Your task:
Please write out all of the data below exactly, without including the pictures.

━━━━━ Information supplied

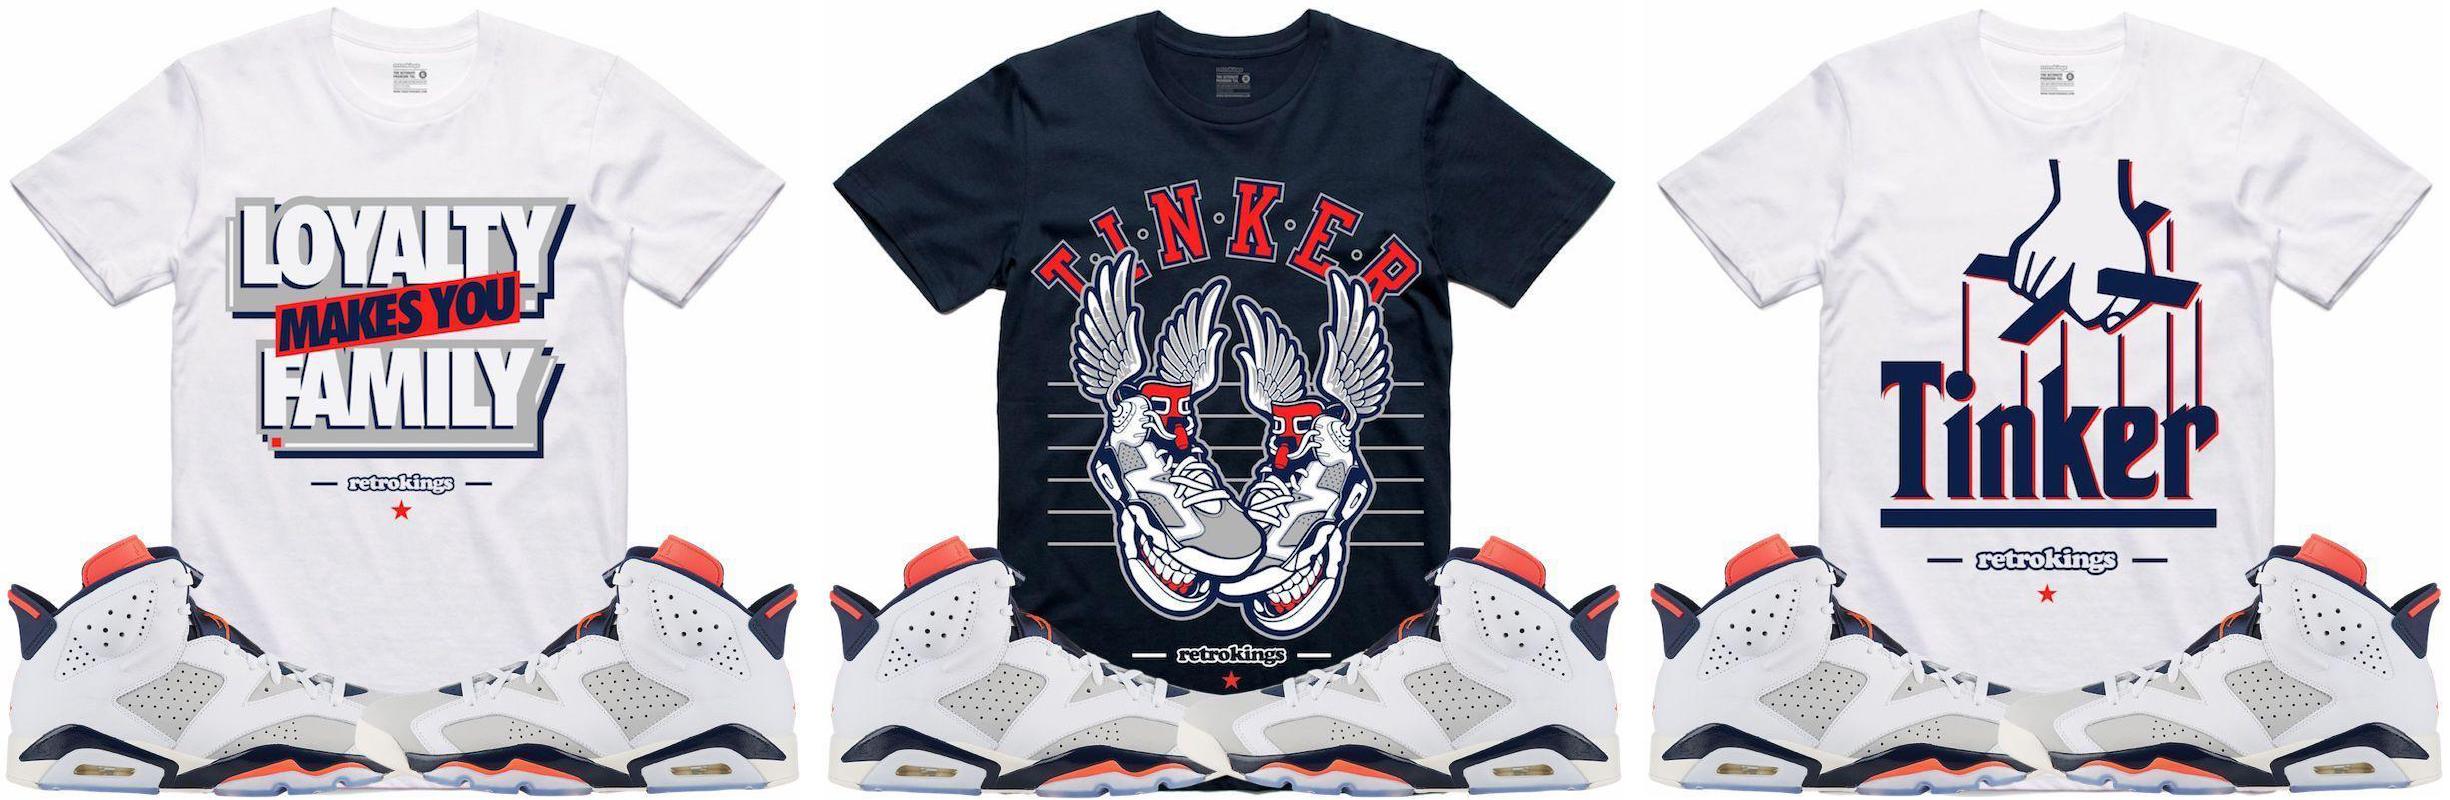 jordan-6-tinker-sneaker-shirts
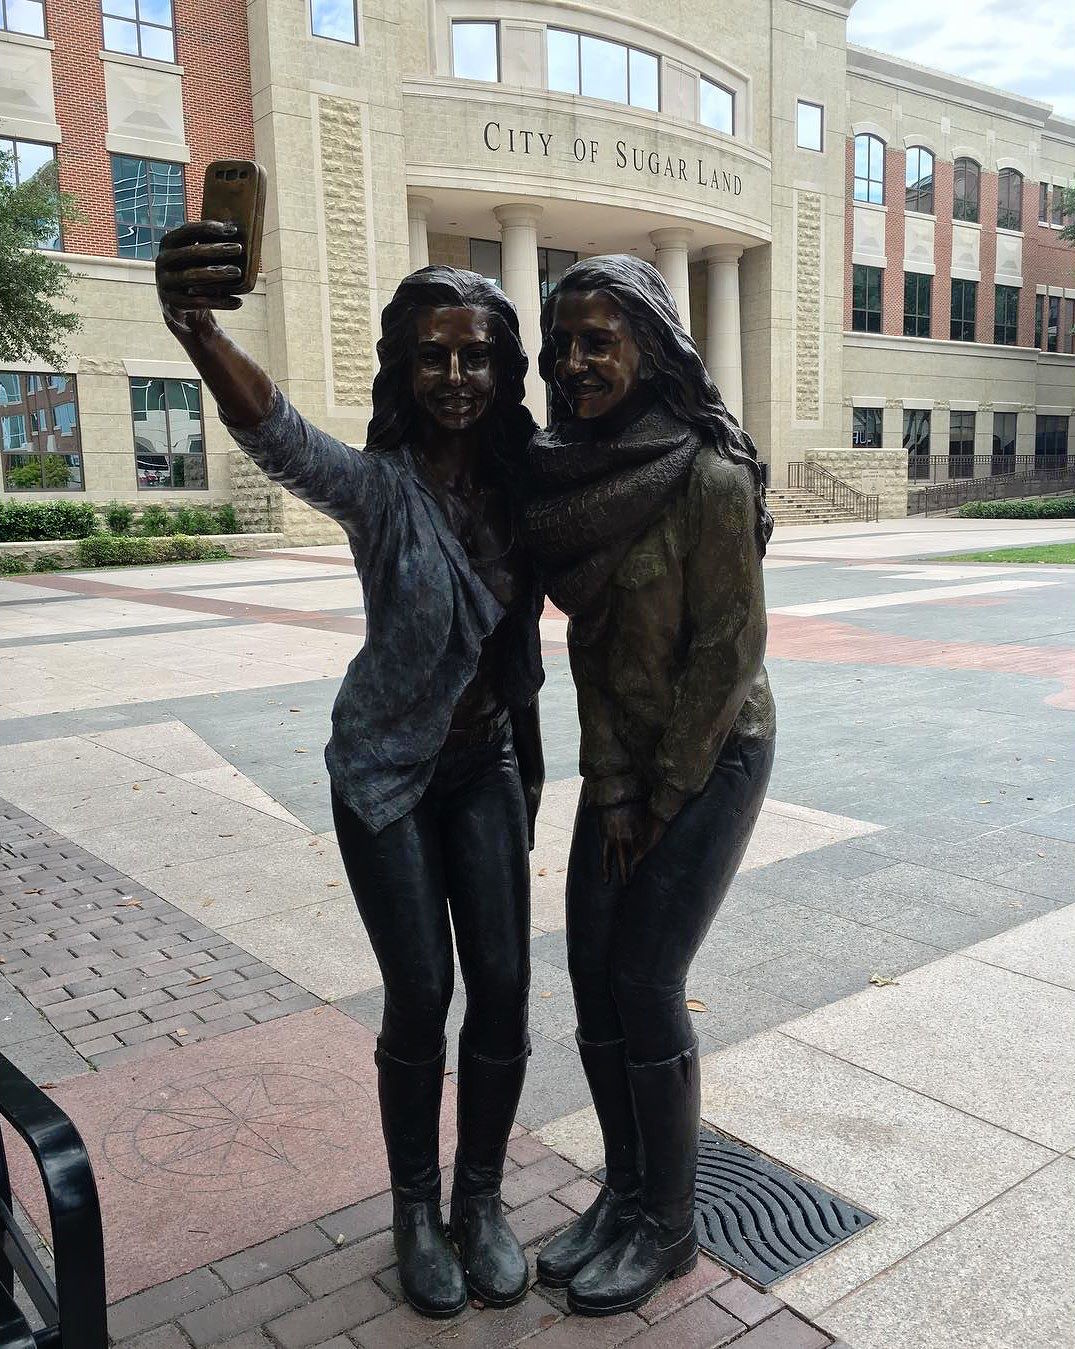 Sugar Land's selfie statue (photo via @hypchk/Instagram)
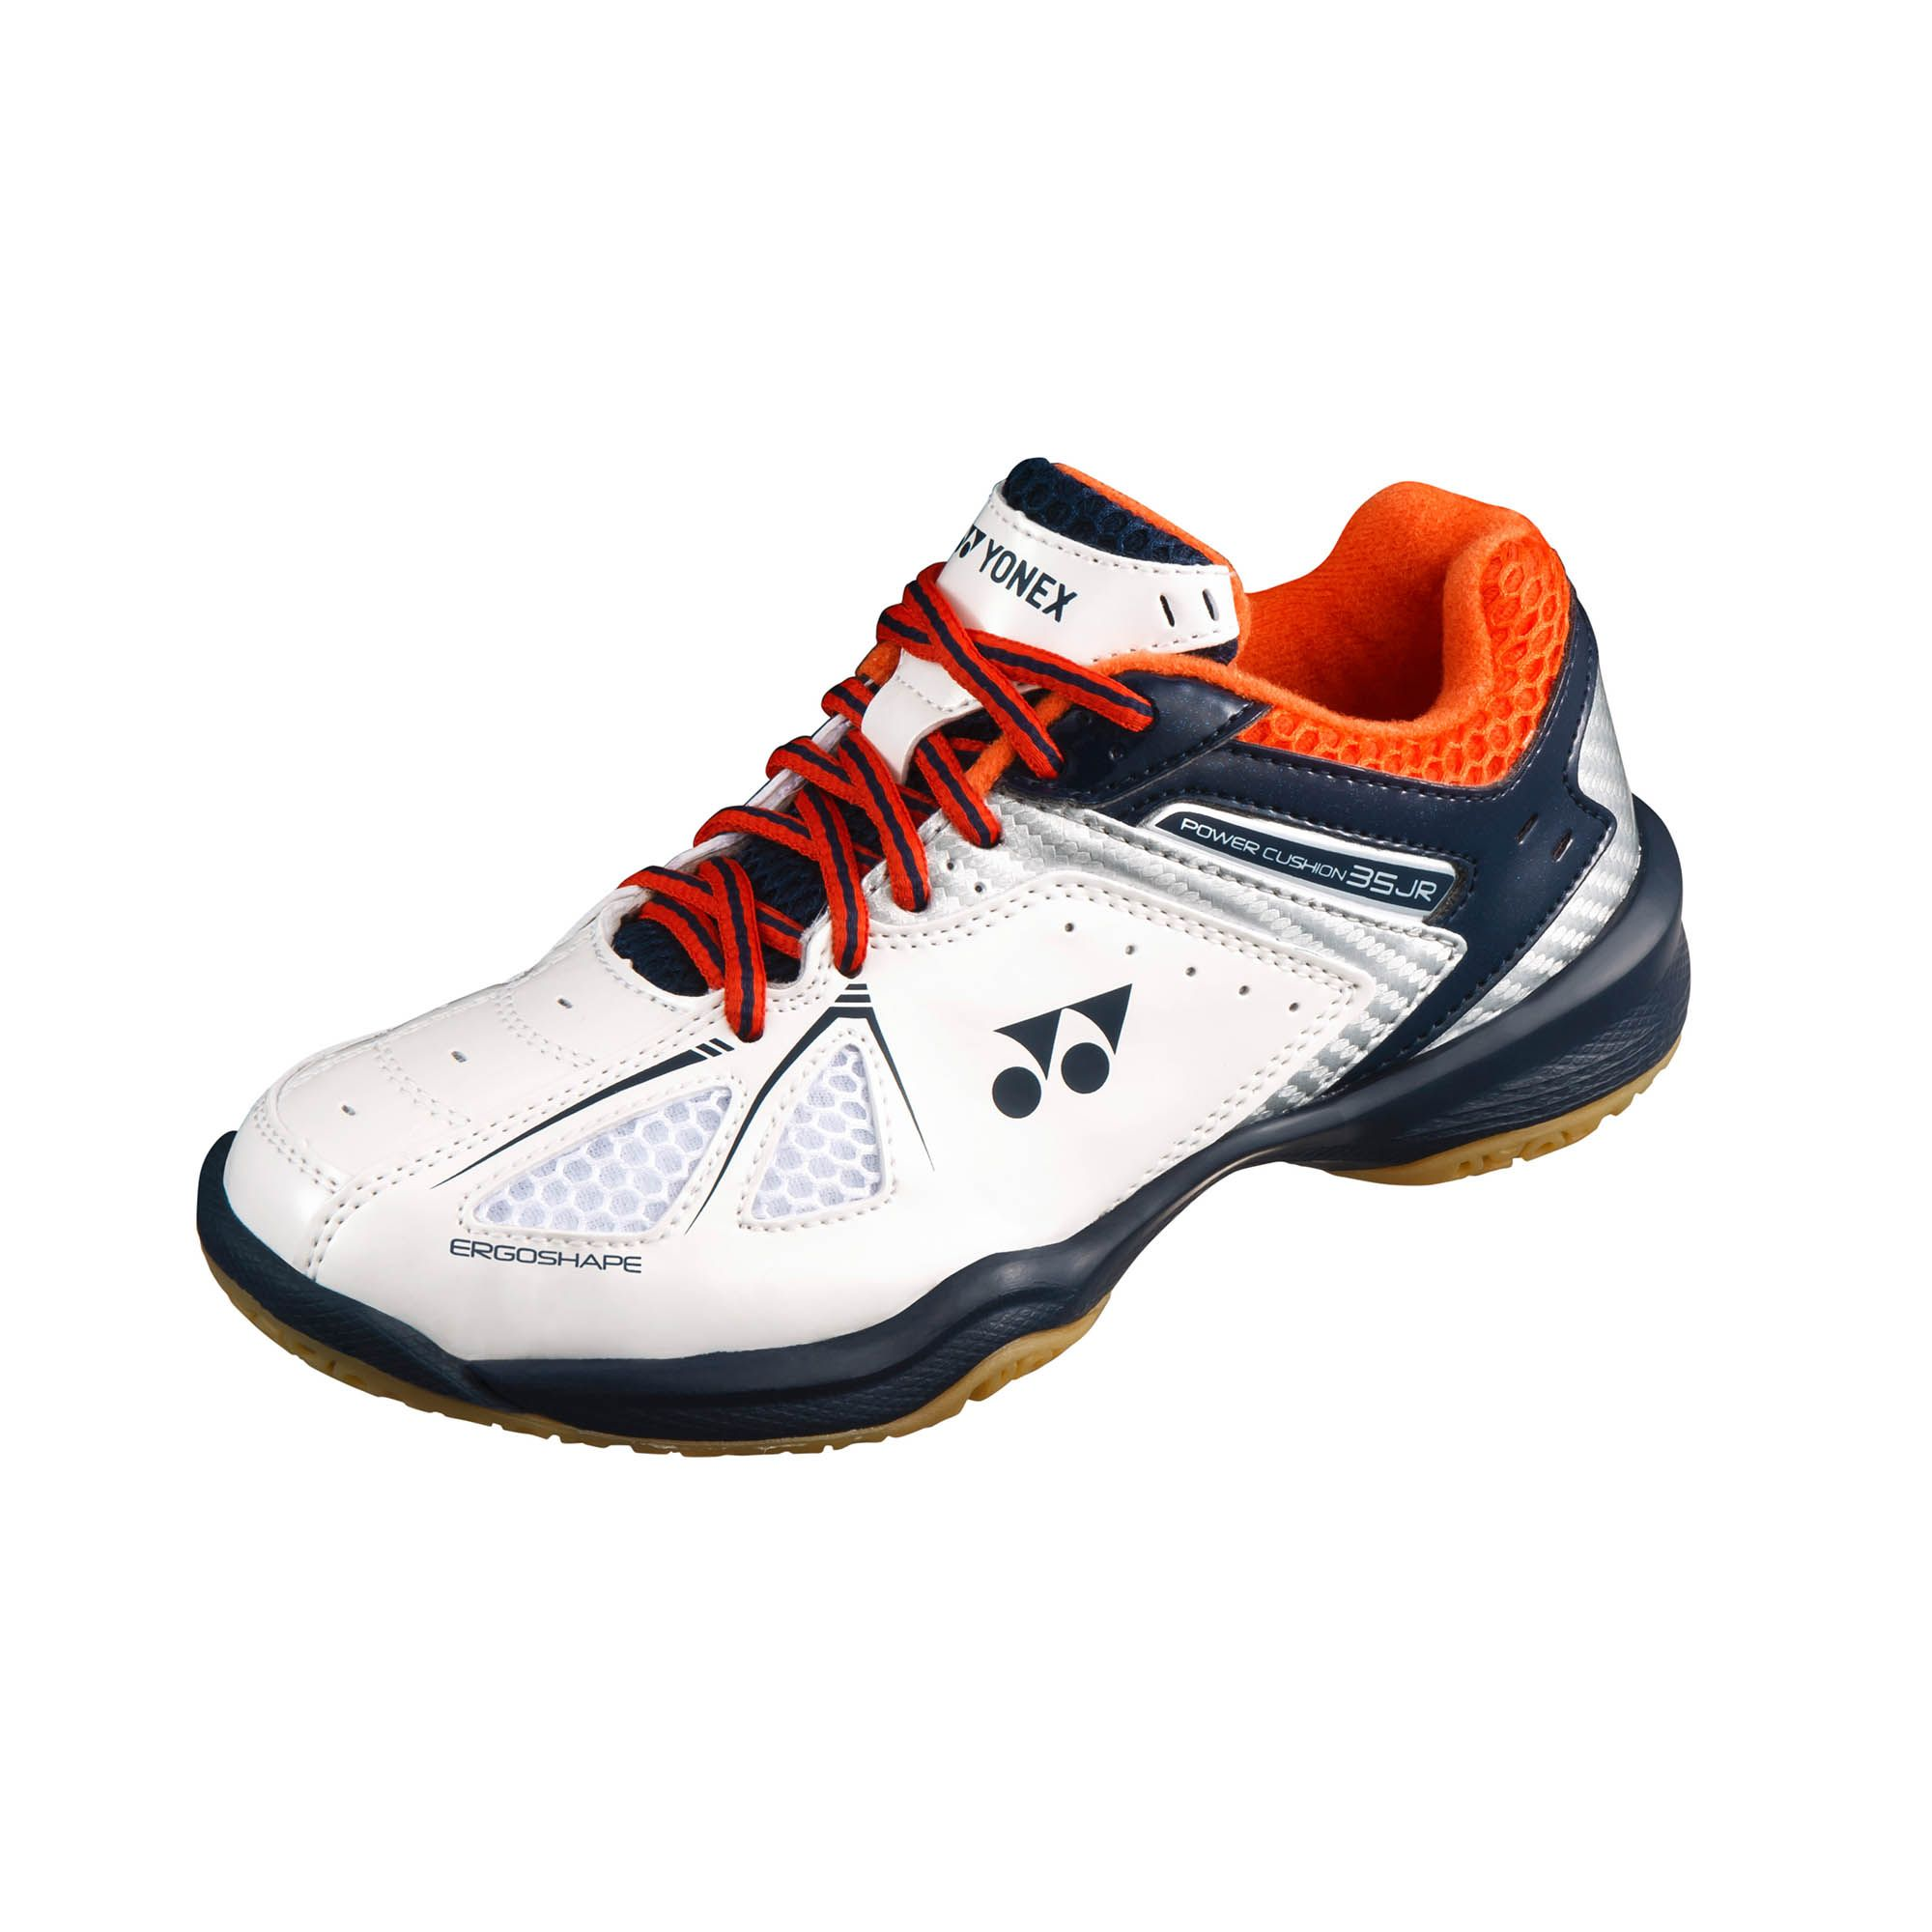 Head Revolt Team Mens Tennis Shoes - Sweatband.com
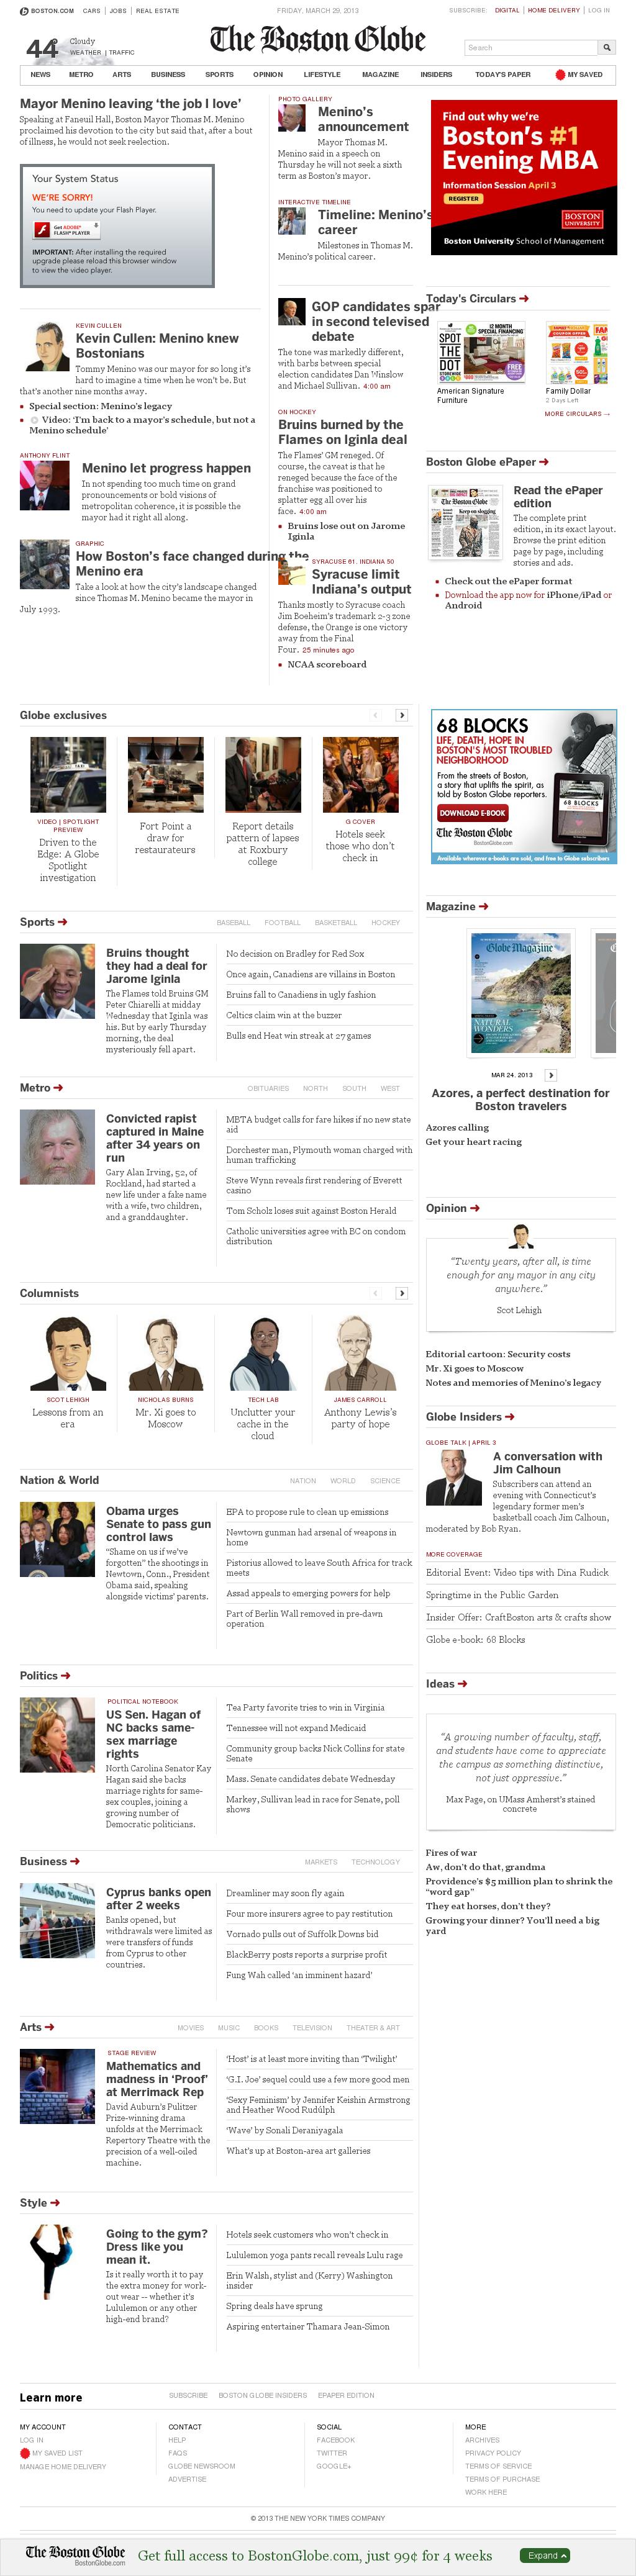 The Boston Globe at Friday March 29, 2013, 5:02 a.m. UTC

━━━━━━━━━━

Output below:
 jordan-6-tinker-sneaker-shirts
 Sugar Land's selfie statue (photo via @hypchk/Instagram)
 Head Revolt Team Mens Tennis Shoes - Sweatband.com
 The Boston Globe at Friday March 29, 2013, 5:02 a.m. UTC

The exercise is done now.